What the exercise asks >> Copy the data exactly from the line that contains "BALÃO VOLUMÉTRICO CLASSE" through the line that contains "104131 - Анекдоты", keeping both end lines and leaving out everything else.

The records >>
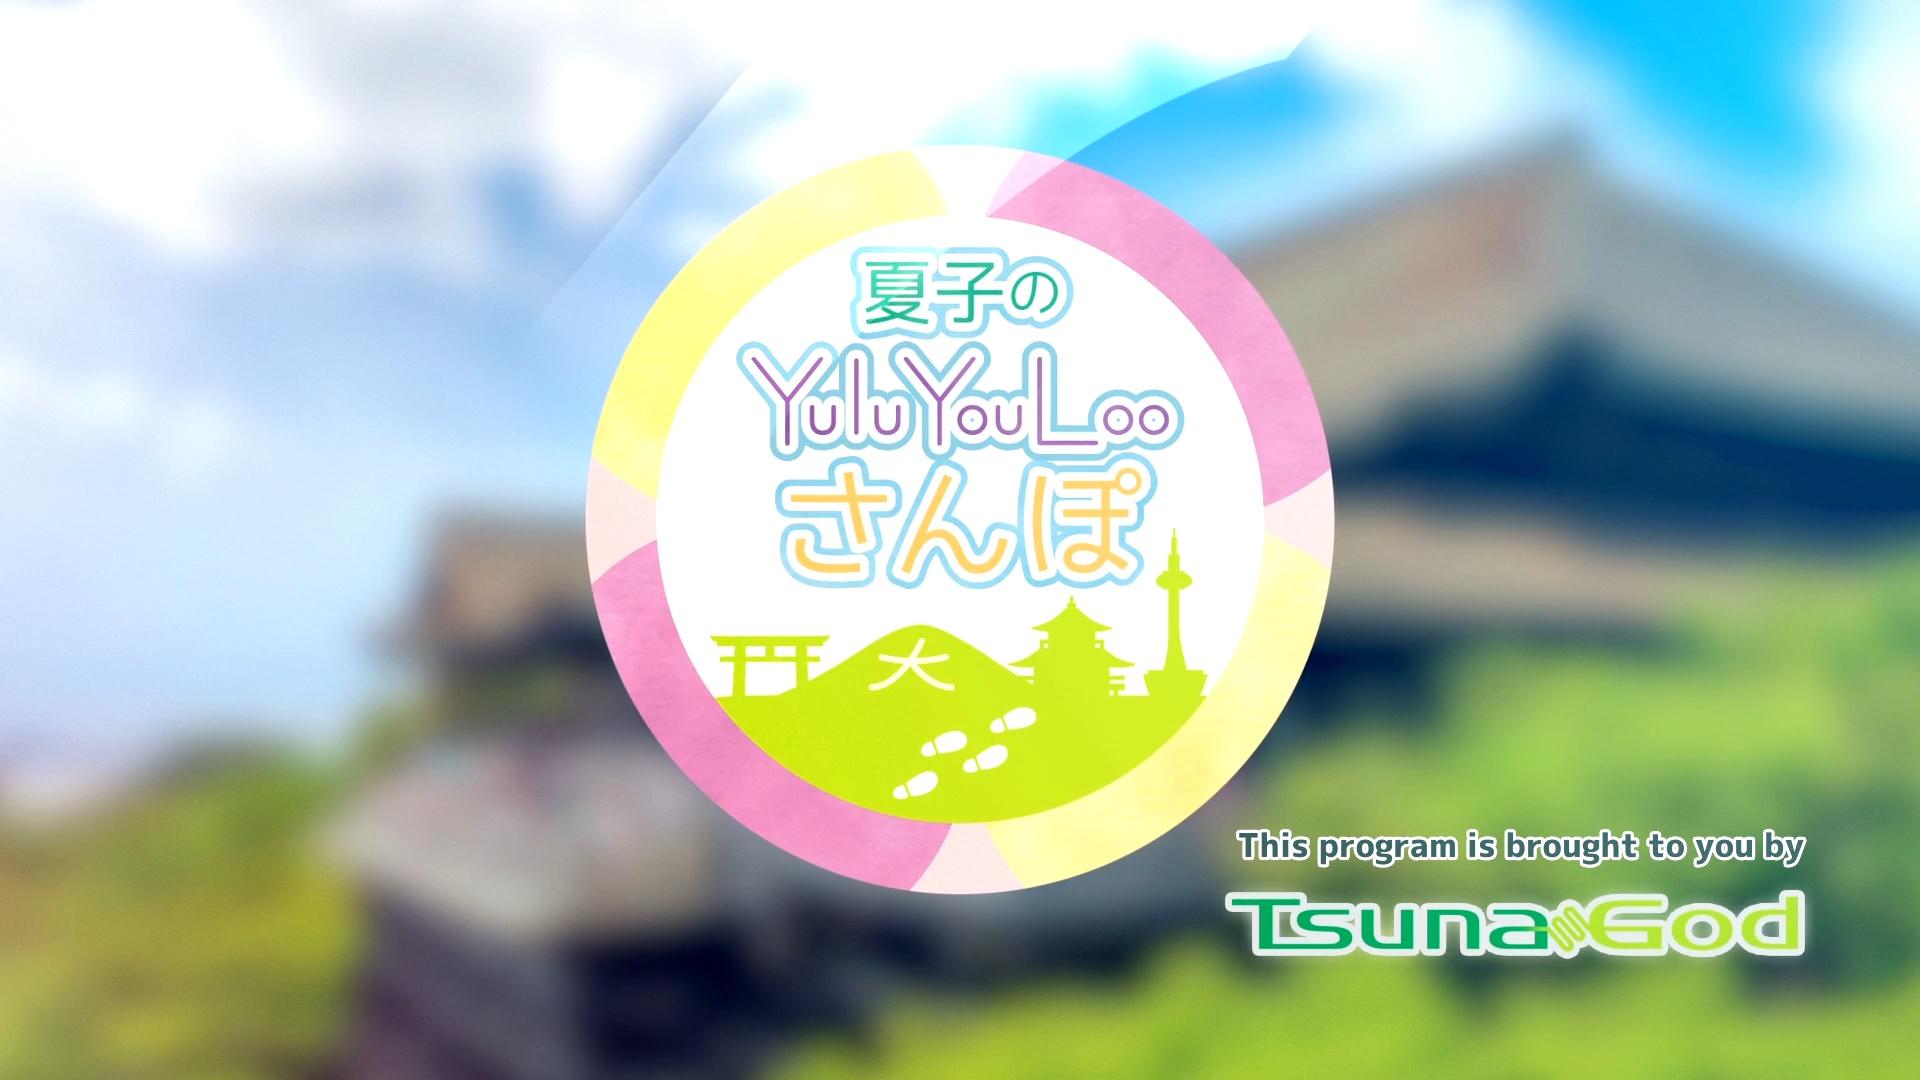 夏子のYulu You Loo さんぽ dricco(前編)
...
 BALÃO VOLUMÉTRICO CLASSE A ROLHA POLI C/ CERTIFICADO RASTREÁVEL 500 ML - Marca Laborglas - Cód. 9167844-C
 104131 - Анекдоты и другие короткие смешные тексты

The answer >>
 BALÃO VOLUMÉTRICO CLASSE A ROLHA POLI C/ CERTIFICADO RASTREÁVEL 500 ML - Marca Laborglas - Cód. 9167844-C
 104131 - Анекдоты и другие короткие смешные тексты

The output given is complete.